I think the trade off between having a faster timer and the complication plus windows dependency of the code is not worth it for me. I can live with 16 ms as long as the rhythm is steady. The most important criterion is that every iteration should take an equal amount of time.

So the question that hasn't been addressed yet is, how precise are the timings that I get from QTime? When it says 16 ms, has it really been 16 ms? Or something between 10 and 20?

spud
23rd February 2009, 11:53
So the question that hasn't been addressed yet is, how precise are the timings that I get from QTime? When it says 16 ms, has it really been 16 ms? Or something between 10 and 20?
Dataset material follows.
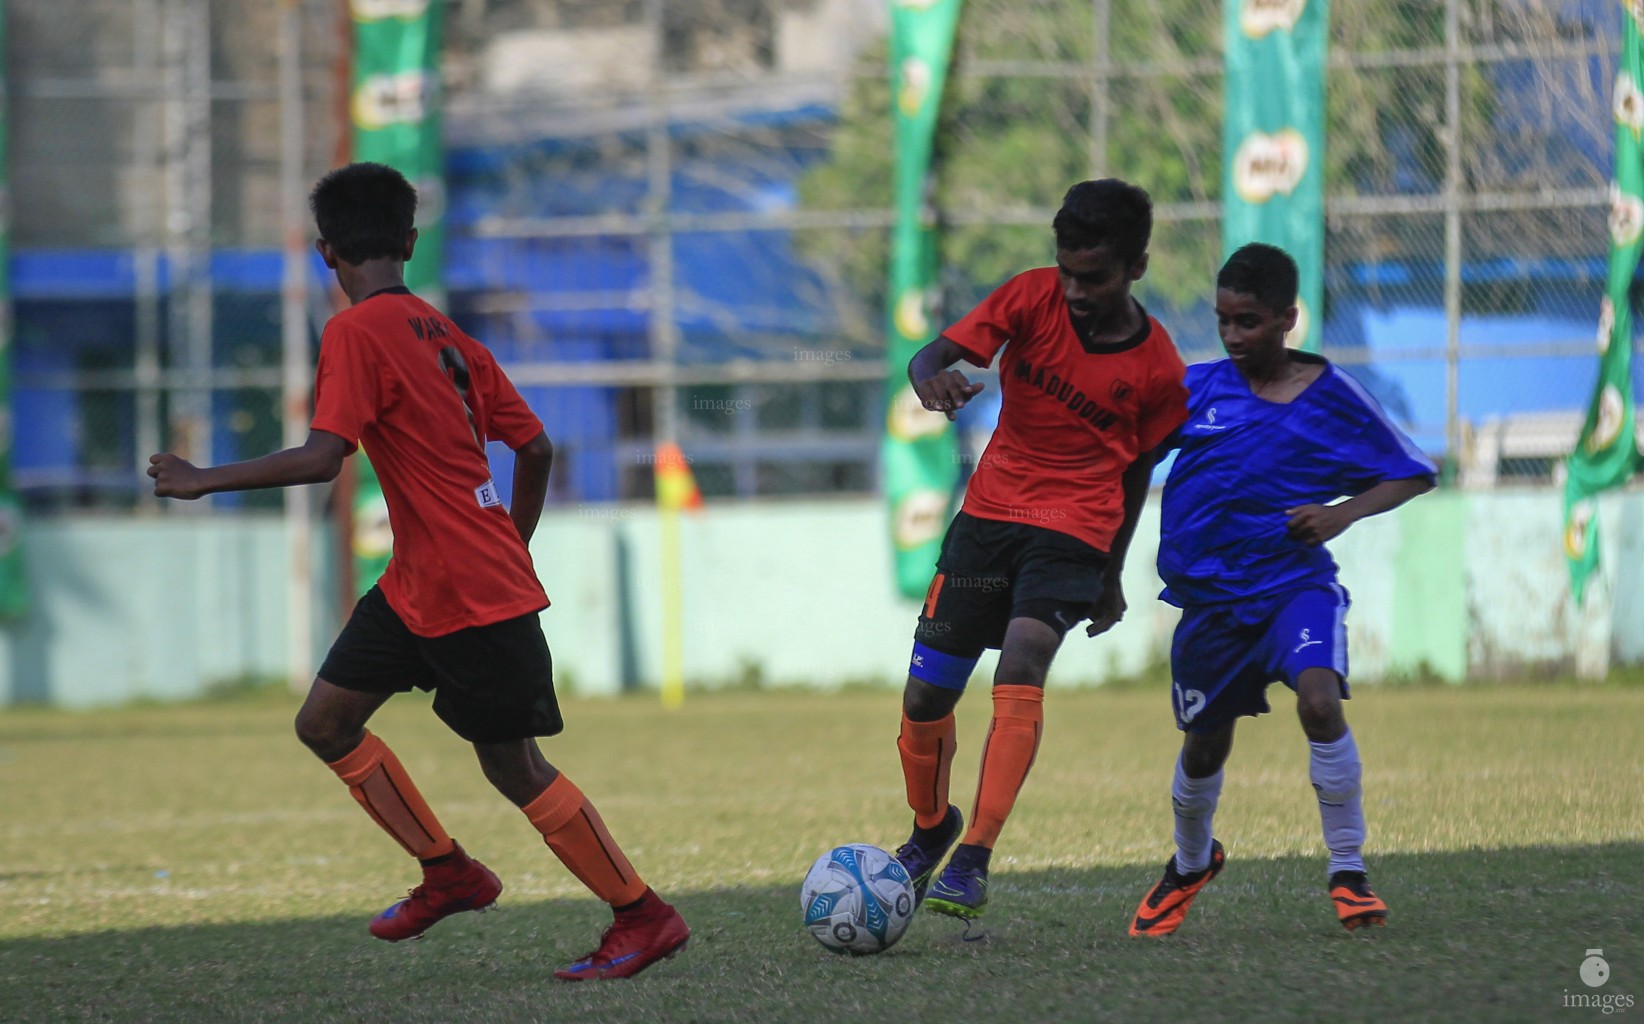 Interschool Football U14: Jamaaludheen vs Imaduddin , Friday, March 4, 2016. (Images.mv Photo: Mohamed Ahsan)

On XP+ between 10 and 20 ms. on NT between 0 and 50 ms, assuming the GUI thread isn't too busy.

Cruz
3rd March 2009, 21:29
Hm, here (http://doc.trolltech.com/4.3/porting4.html#qtimer) it says that QTimer now uses the multimedia timer API on Win XP and it should have a 1 ms resolution. That sounds good actually. But then how come that my measurements in my OP report 16 ms instead of 12? Could it be that the gui thread takes that long to process events before it can fire the timer? Or is it because the answer from Qtime::restart() is not precise?

seneca
3rd March 2009, 22:36
You should try to understand the difference between windows and a real time operation system, for example QNX. No matter how hard you try, an application will NEVER be able to answer or process any request exactly per millisecond:

Besides your application, many other applications and system processes are running at same time sharing all the same processor and memory, and the scheduler will assign time to them in a non-tranparent way (non-transparent for the application). There is absolutely no guarantee that your application will get any processing time at all between two of your ticks. This is something beyond the scope of Qt (or any other application framework).